# jd tractor questions



## 20156point7 (Apr 7, 2015)

I have been looking at getting a tractor with a little more power than my 5083e to run my 459 baler. I thought at first a 2955 would be my best choice but after looking at them there wheelbase is too long for my needs. The 2755 is the next size smaller and is supposed to have 88hp, im not really sure if that is gonna be enough power for my baler. But these older tractors feel a lot stronger to me than the newer ones. My neighbor is about to sell his 6300 jd for a reasonable price but im not sure if either of these tractors will do the job. My 5083e bogs down really bad when on hills and barely pulls the baler on flat ground. Would I be better off with a 6400 or will the 2755 or 6300 be good enough?


----------



## Vol (Jul 5, 2009)

20156point7 said:


> I have been looking at getting a tractor with a little more power than my 5083e to run my 459 baler. I thought at first a 2955 would be my best choice but after looking at them there wheelbase is too long for my needs. The 2755 is the next size smaller and is supposed to have 88hp, im not really sure if that is gonna be enough power for my baler. But these older tractors feel a lot stronger to me than the newer ones. My neighbor is about to sell his 6300 jd for a reasonable price but im not sure if either of these tractors will do the job. My 5083e bogs down really bad when on hills and barely pulls the baler on flat ground. Would I be better off with a 6400 or will the 2755 or 6300 be good enough?

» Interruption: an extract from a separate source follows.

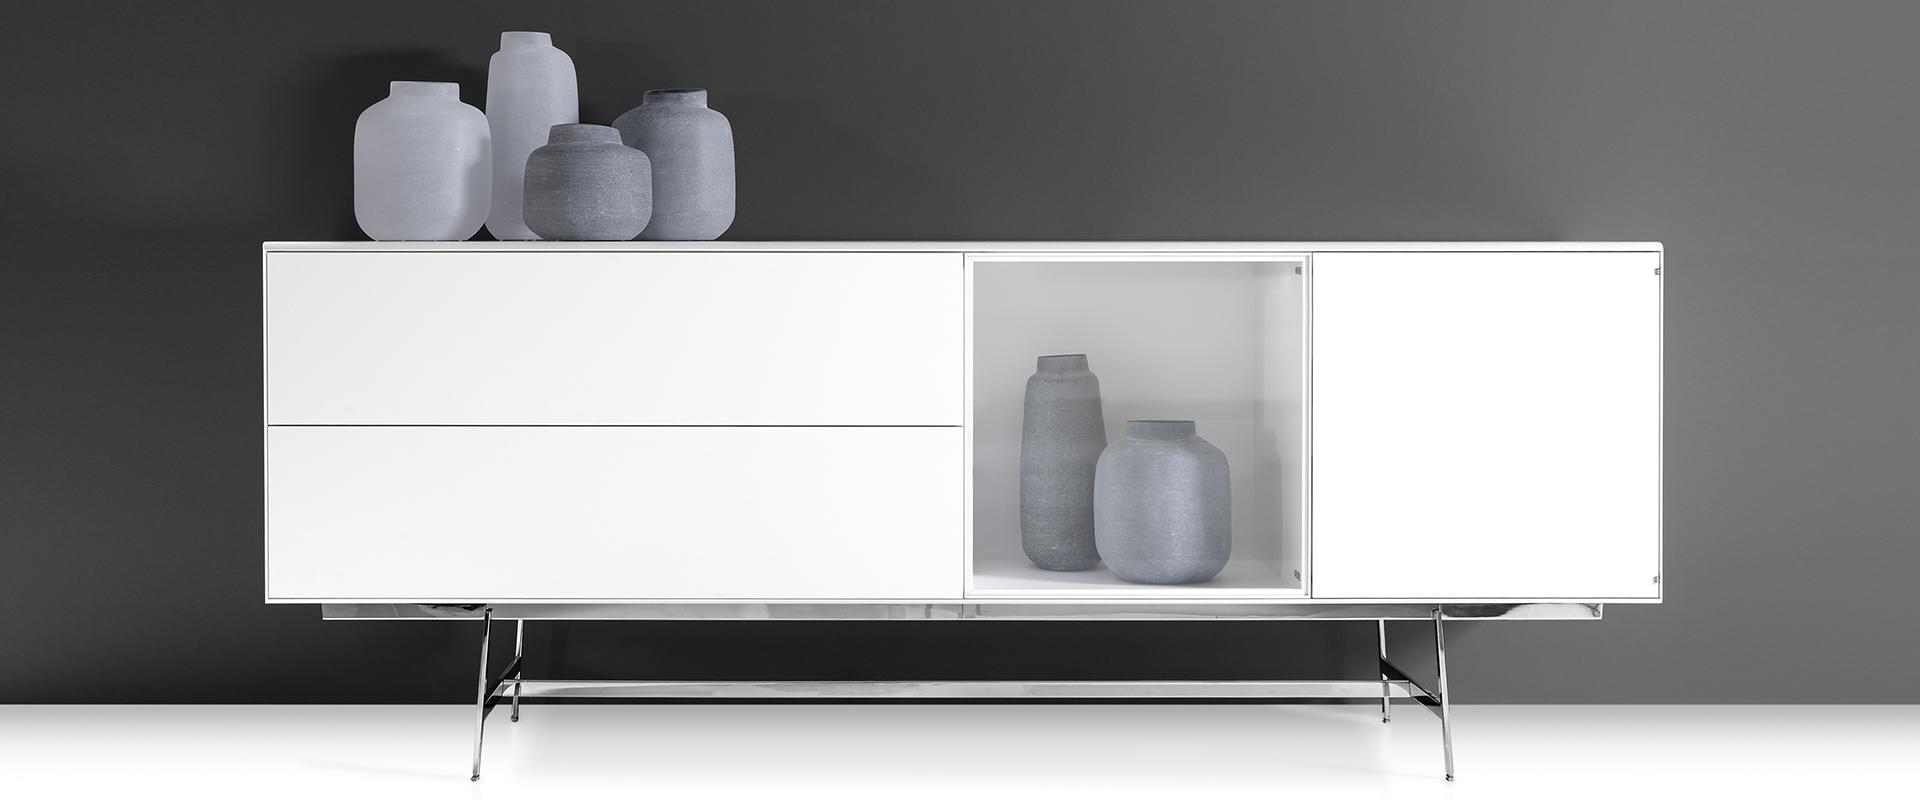 Die Serie S100 von YOMEI bei Hans G. Bock: Sideboard in Weiß.

6400 will definitely work....and probably the 6300. If there was a way you could unroll some hay on your steeper baling ground and then borrow your neighbors 6300 and see how it works, I think you would be happy. Not a fan of JD e series...6300 and 6400 are good tractors.

Regards, Mike


----------



## Gearclash (Nov 25, 2010)

I saw someone pull a 567 baler with a 6400 baling cornstalks for a couple years. I imagine a 4 foot baler would work pretty nice behind a 6400.


----------



## CenTex (Oct 22, 2015)

I have run a JD 6420 pulling a 567 baler for the last ten seasons. The 6420 with the power quad transmission is a nice baler tractor.


----------



## 20156point7 (Apr 7, 2015)

I don't like my 5e either, never has seemed to have the power it should, the rear end is too light, it's ride is terrible because of its wheelbase. Haven't gave me any trouble in 1000 hours but it just seems like a poorly made tractor.


----------



## Hayman1 (Jul 6, 2013)

The words economy and tractor just can't get out of my mouth at the same time. Kinda the same for me with my truck since I only have one. When I need it, I need it. I test drove one of those e things when tractor shopping for a friend. Reminded me of my JD5300. PTO and main clutches were too light and the tractor was too light. 50 hp but did not like my nh 570 even in a pinch on flat ground.

Now the 2755 is an awesome machine and was a great partner for my 570 and 20' kicker even on hills. I have a 457 which I assume is comparable to the 459 but I did not get it until I had traded my 2755 on a 6100 which had about 90 pto hp.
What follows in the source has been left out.